* ACTION ITEM
Return the listing verbatim, images left out.

* INFORMATION SHOWN
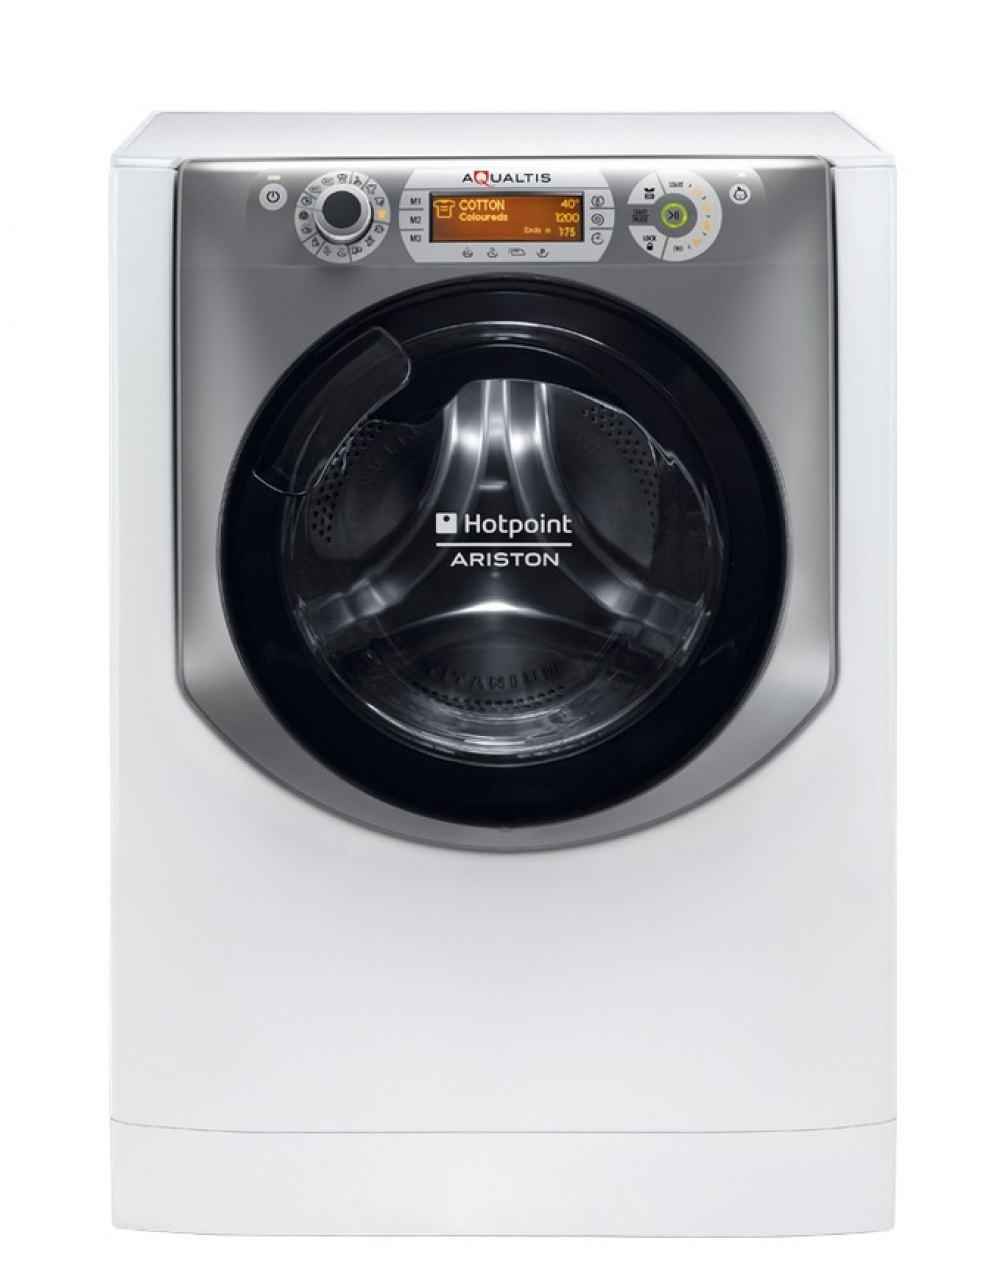 Imagine indisponibila pentru Masina de spalat rufe Hotpoint Ariston Aqualtis AQS73D 29 EU/B Slim 7 kg clasa A+++
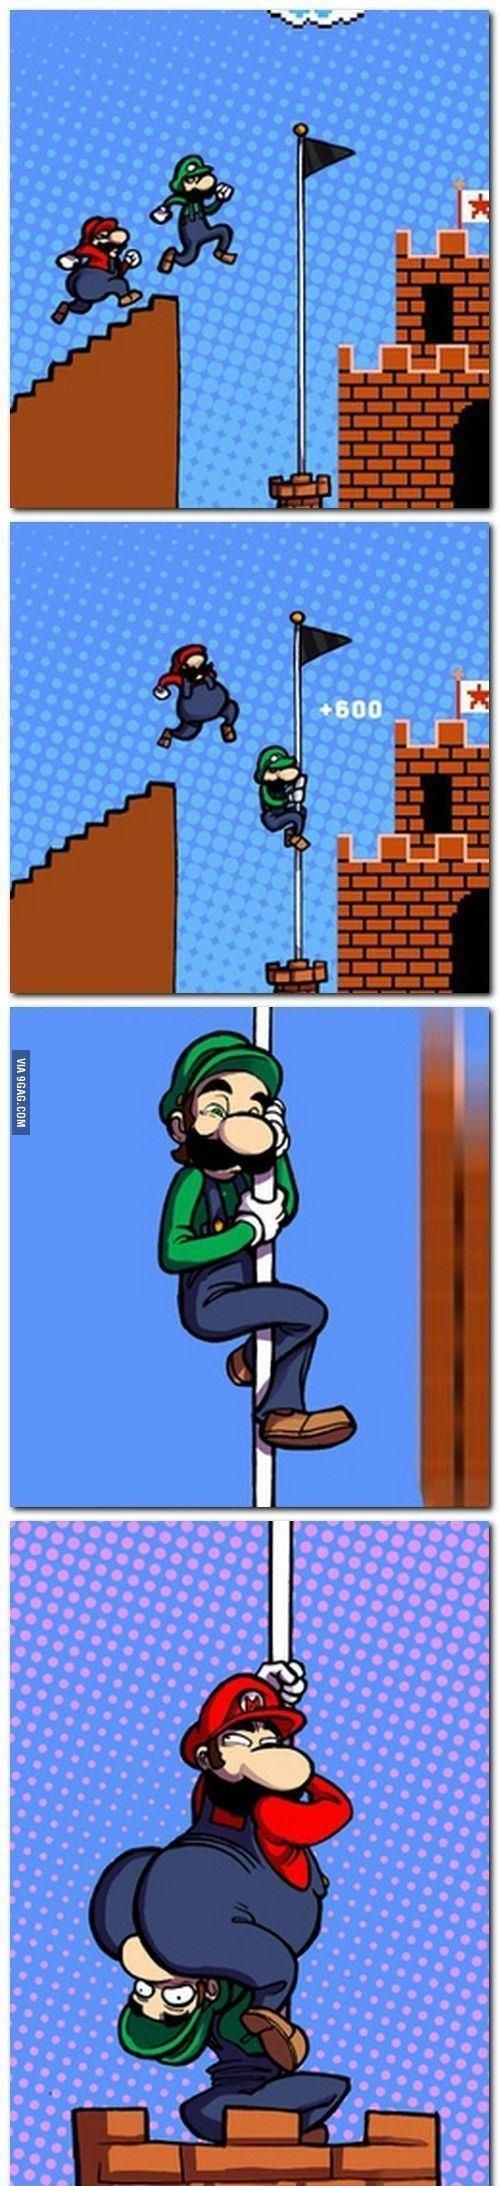 Scroll2Lol.com - Mario isnt good at pole dancing
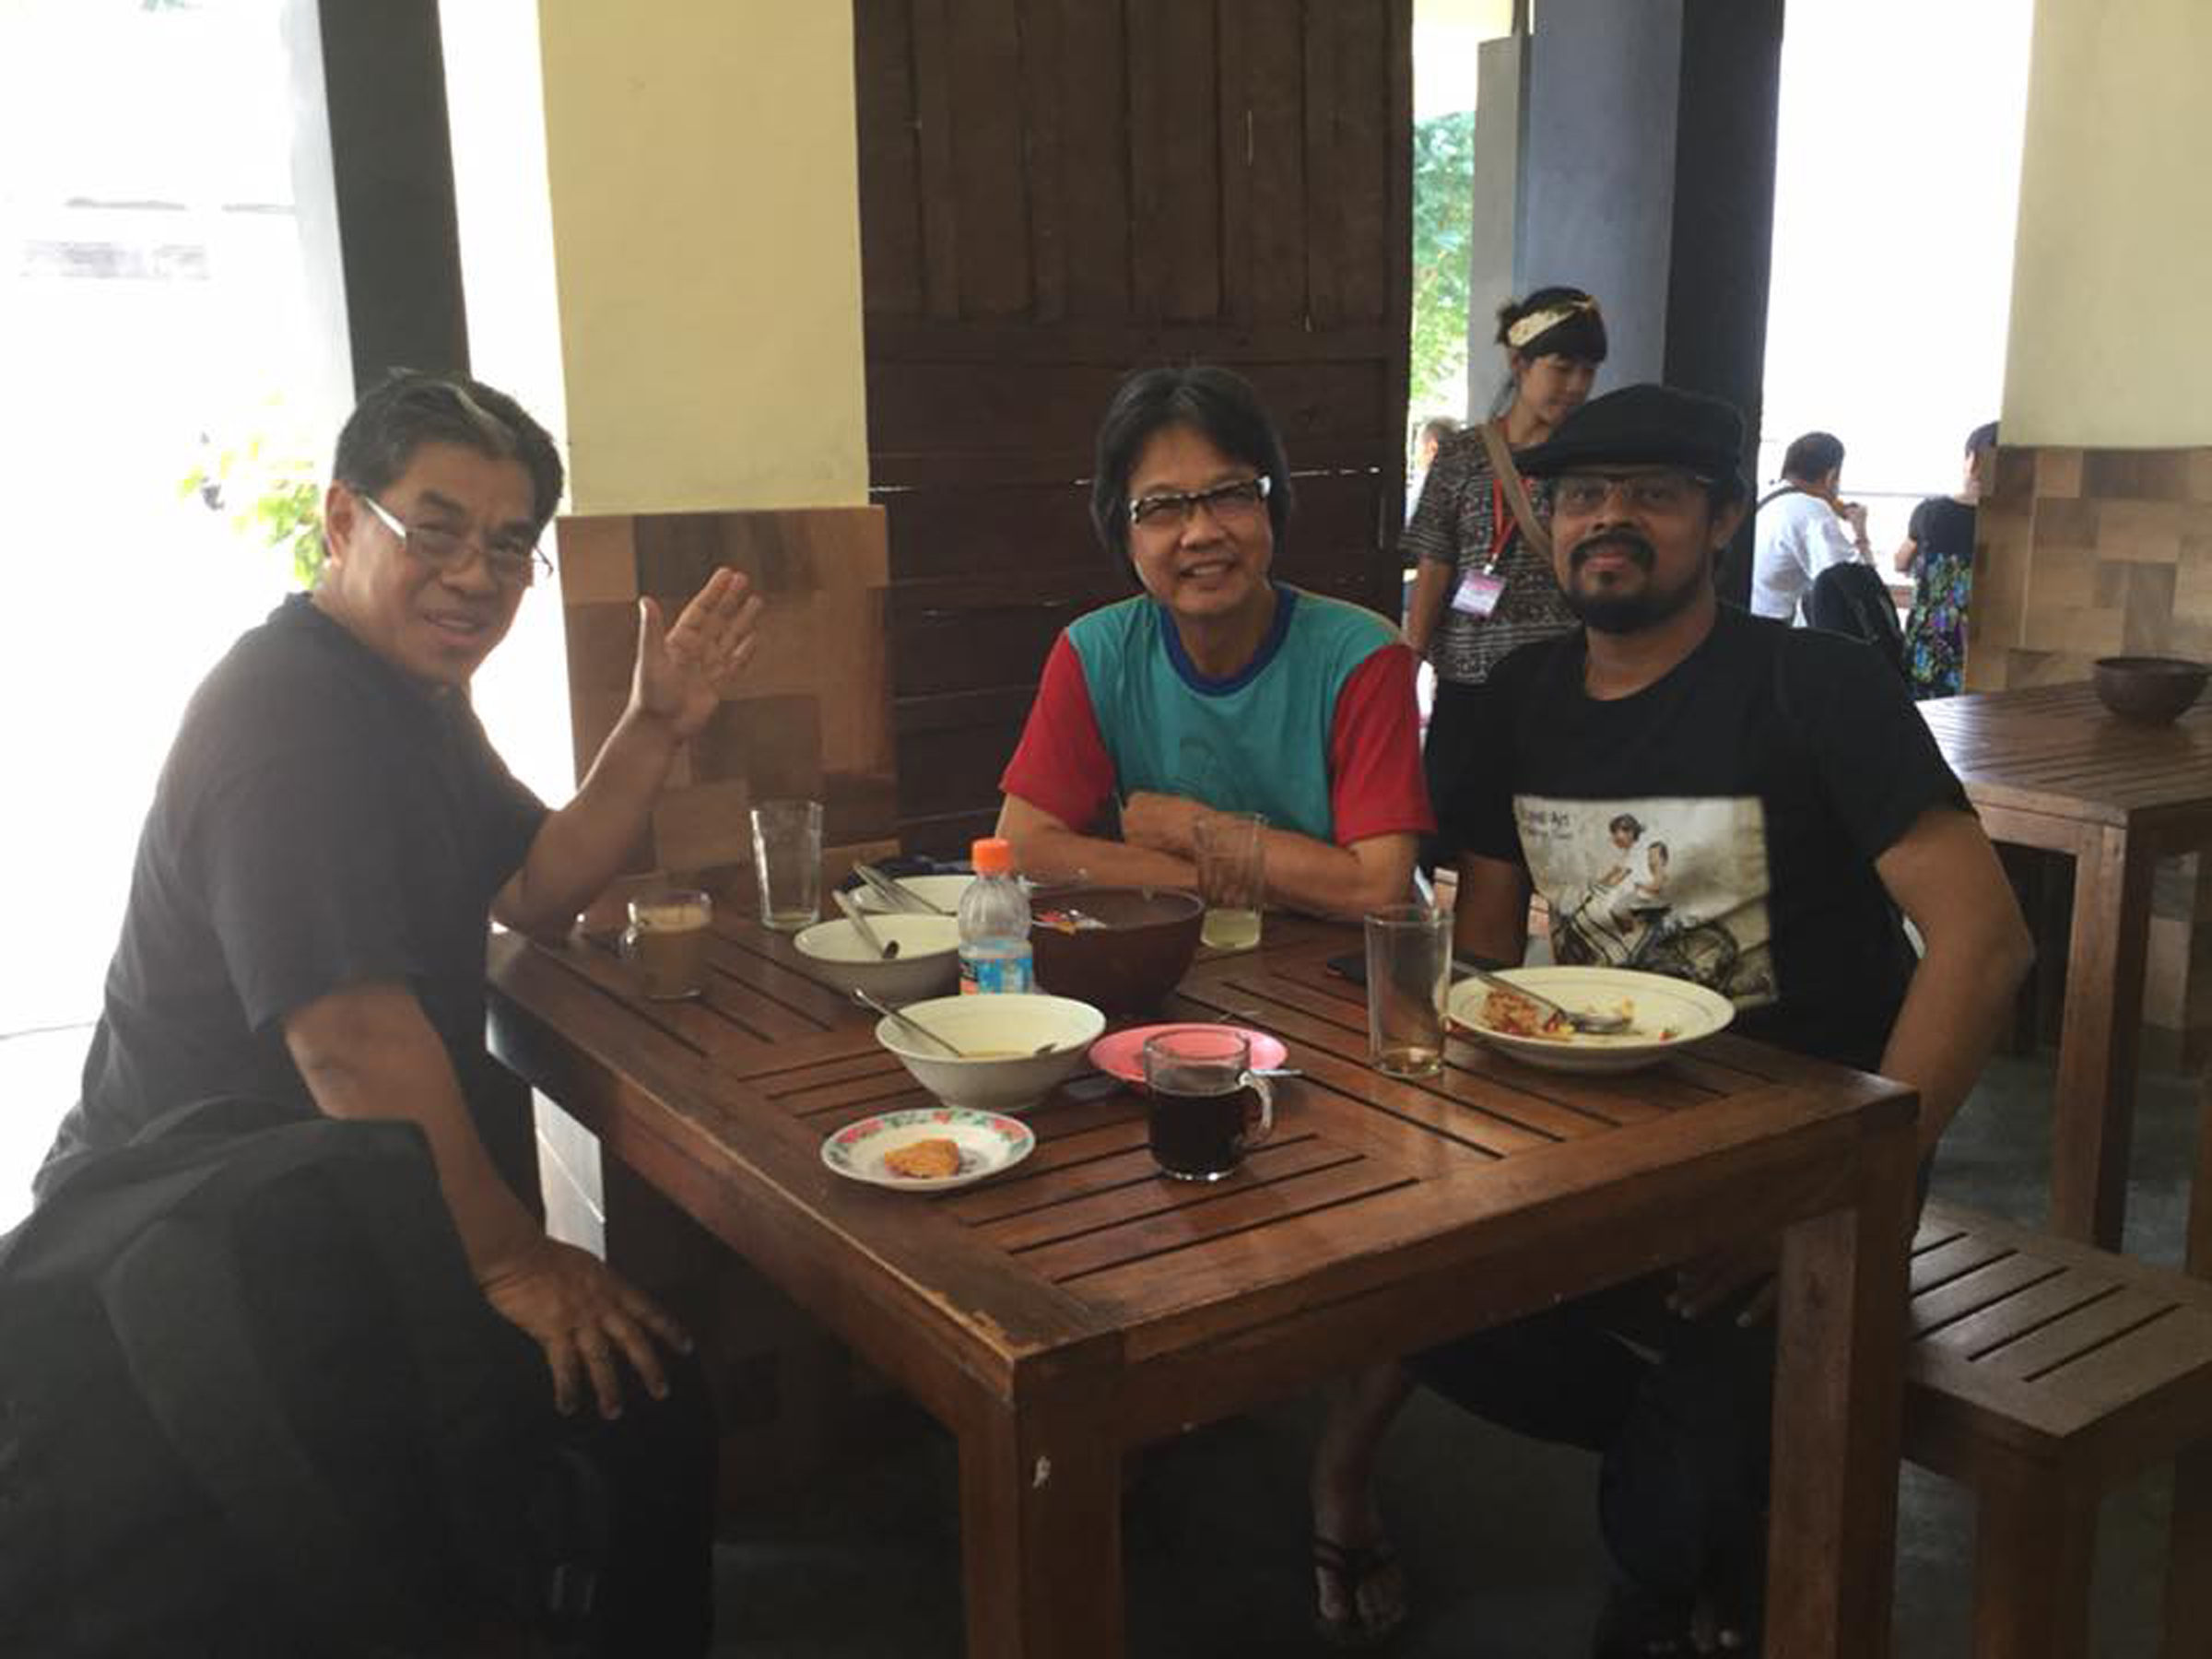 d_Meal time w Rahman_Bee_Asit.jpg

* COMPLETED EXERCISE
 Imagine indisponibila pentru Masina de spalat rufe Hotpoint Ariston Aqualtis AQS73D 29 EU/B Slim 7 kg clasa A+++
 Scroll2Lol.com - Mario isnt good at pole dancing
 d_Meal time w Rahman_Bee_Asit.jpg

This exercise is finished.